With the NH-D14 out of the packing we can get a good look at it. This is different from Noctua’s previous dual fan configuration. Instead of twin 120mm fans front and back the NH-D14 has a front mounted 120mm and a center mounted 140mm fan. The cooler is also pretty much assembled; all you have to do is install the SecuFirm mounting system to your motherboard and put the cooler on.
Now, like I said before, the NH-D14 is not massive, but it is big. Here I have the NH-D14 next to a standard 12oz Dr. Pepper can for a little scale. Is bigger better? Guess we will find out together.

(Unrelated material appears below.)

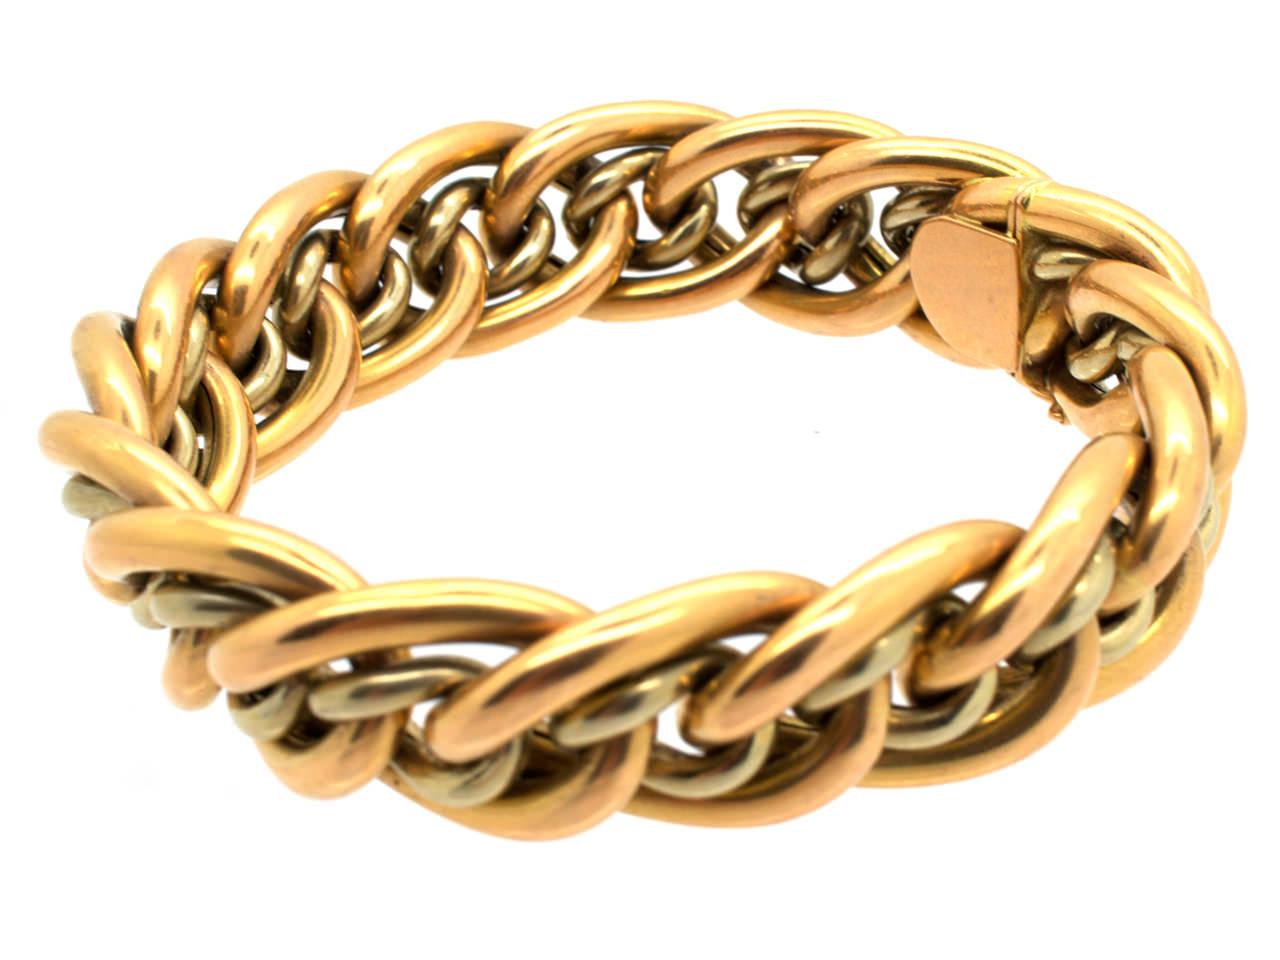 Edwardian 18ct Gold Woven Bracelet

Pulling the fans off we can get a better look at the cooler itself. This time around Noctua made the sound reducing silicon strips way beefier than in coolers past. Past strips were 1/8″ thick, and used a sticky backing to hold it to the cooler. The new ones are almost 1/2″ thick and 1/4″ wide, and pressed into the fins. The fins of the NH-D14 are a little thinner than those on the NH-U12P, but still feel very solid. I never felt like I was going to bend a fin.
Looking closer at the top of the cooling fins the profile looks like a saw blade, and if there was a doubt as to who made the cooler, Noctua has their name and owl logo stamped into the fins.
The NH-D14 has a twin tower arrangement with 6 heatpipes, giving 12 vertical pipes for dissipating heat. With the large amount of surface area of the fins, along with the dual fans and 6 heatpipes, the NH-D14 should do very well.